_What this task involves_
Look through the data below for the line with "LIGASANO+Logo+Englisch+Euroskala.jpg" and the line with "Black and Red", then output those two and all lines in between, exactly as written.

_Record extracts_

<<<<

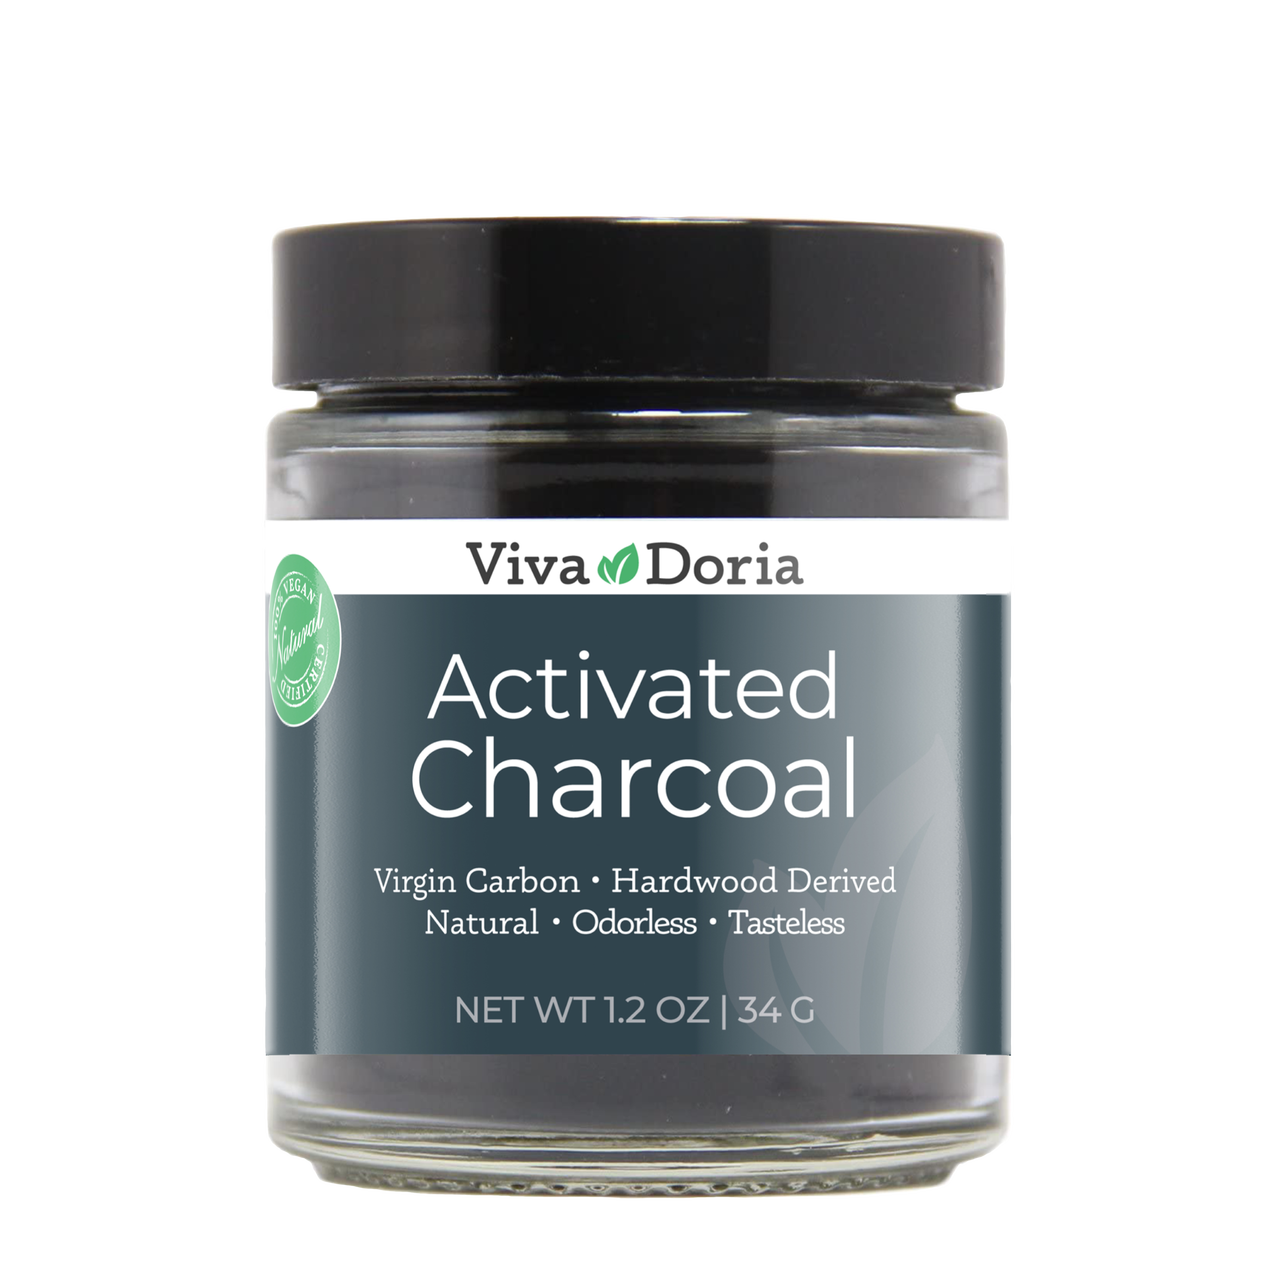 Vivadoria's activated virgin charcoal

>>>>
<<<<

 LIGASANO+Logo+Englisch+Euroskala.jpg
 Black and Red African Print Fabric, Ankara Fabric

>>>>
<<<<

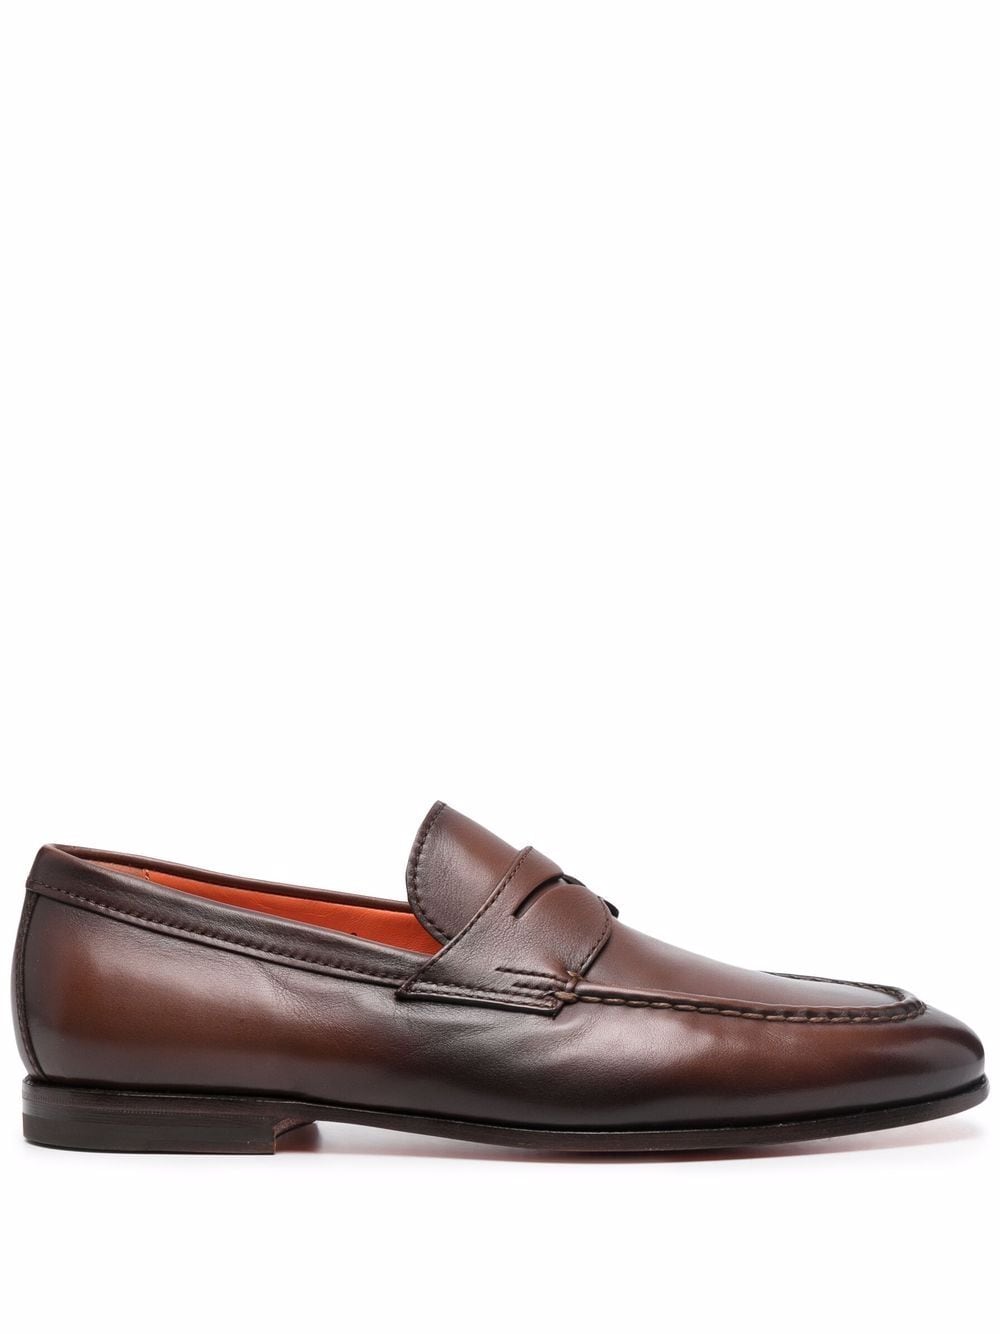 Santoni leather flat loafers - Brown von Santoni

>>>>

_Written solution_
 LIGASANO+Logo+Englisch+Euroskala.jpg
 Black and Red African Print Fabric, Ankara Fabric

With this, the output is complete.